Materials included in this document contain “forward-looking
statements” within the meaning of the Private Securities Litigation
Reform Act of 1995. Such forward-looking statements involve known and
unknown risks, uncertainties and other factors that could cause actual
results to be materially different from historical results or from any
future results expressed or implied by such forward-looking statements.
The factors that could cause actual results of GM, Hughes and/or News
Corp. to differ materially, many of which are beyond the control of GM,
Hughes or News Corp. include, but are not limited to, the following: (1)
operating costs, customer loss and business disruption, including, without
limitation, difficulties in maintaining relationships with employees,
customers, clients or suppliers, which may be greater than expected following
the transaction; (2) the regulatory approvals required for the transaction
may not be obtained on the terms expected or on the anticipated schedule;
(3) the effects of legislative and regulatory changes; (4) an inability
to retain necessary authorizations from the FCC; (5) an increase in competition
from cable as a result of digital cable or otherwise, direct broadcast
satellite, other satellite system operators, and other providers of subscription
television services; (6) the introduction of new technologies and competitors
into the subscription television business; (7) changes in labor, programming,
equipment and capital costs; (8) future acquisitions, strategic partnerships
and divestitures and the ability to access capital to maintain financial
flexibility; (9) general business and economic conditions; and (10) other
risks described from time to time in periodic reports filed by GM, Hughes
or News Corp. with the SEC. Those other risks relating to Hughes include,
but are not limited to, the uncertainties regarding the operations of
DIRECTV Latin America, LLC, Hughes’ 75% owned subsidiary, which
is currently operating under Chapter 11 bankruptcy proceedings, and the
performance of Hughes satellites.

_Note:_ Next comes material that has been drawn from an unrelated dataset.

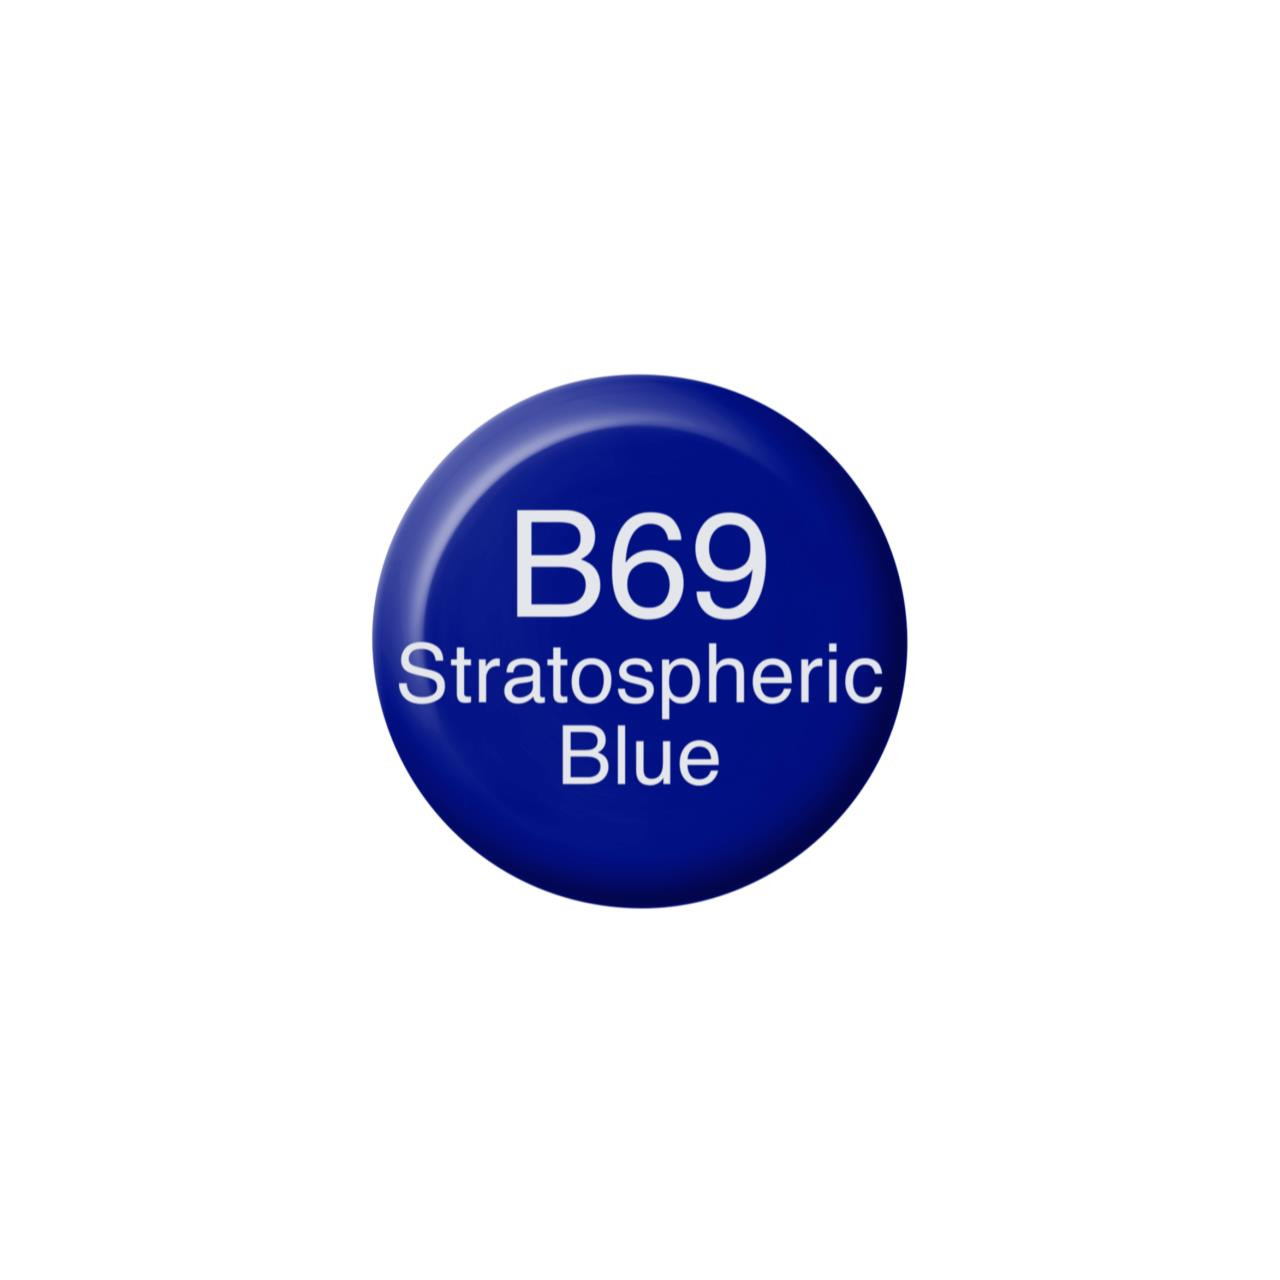 B69 Stratospheric Blue, Copic Ink - 4511338056080

You are urged to consider statements
that include the words “may”, “will”, “would”,
“could”, “should”, “believes”, “estimates”,
“projects”, “potential”, “expects”,
“plans”, “anticipates”, “intends”,
“continues”, “forecast”, “designed”,
“goal”, “outlook”, “objectives”, “strategy”,
“target”, or the negative of those words or other comparable
words to be uncertain and forward-looking. This cautionary statement applies
to all forward-looking statements included in this document.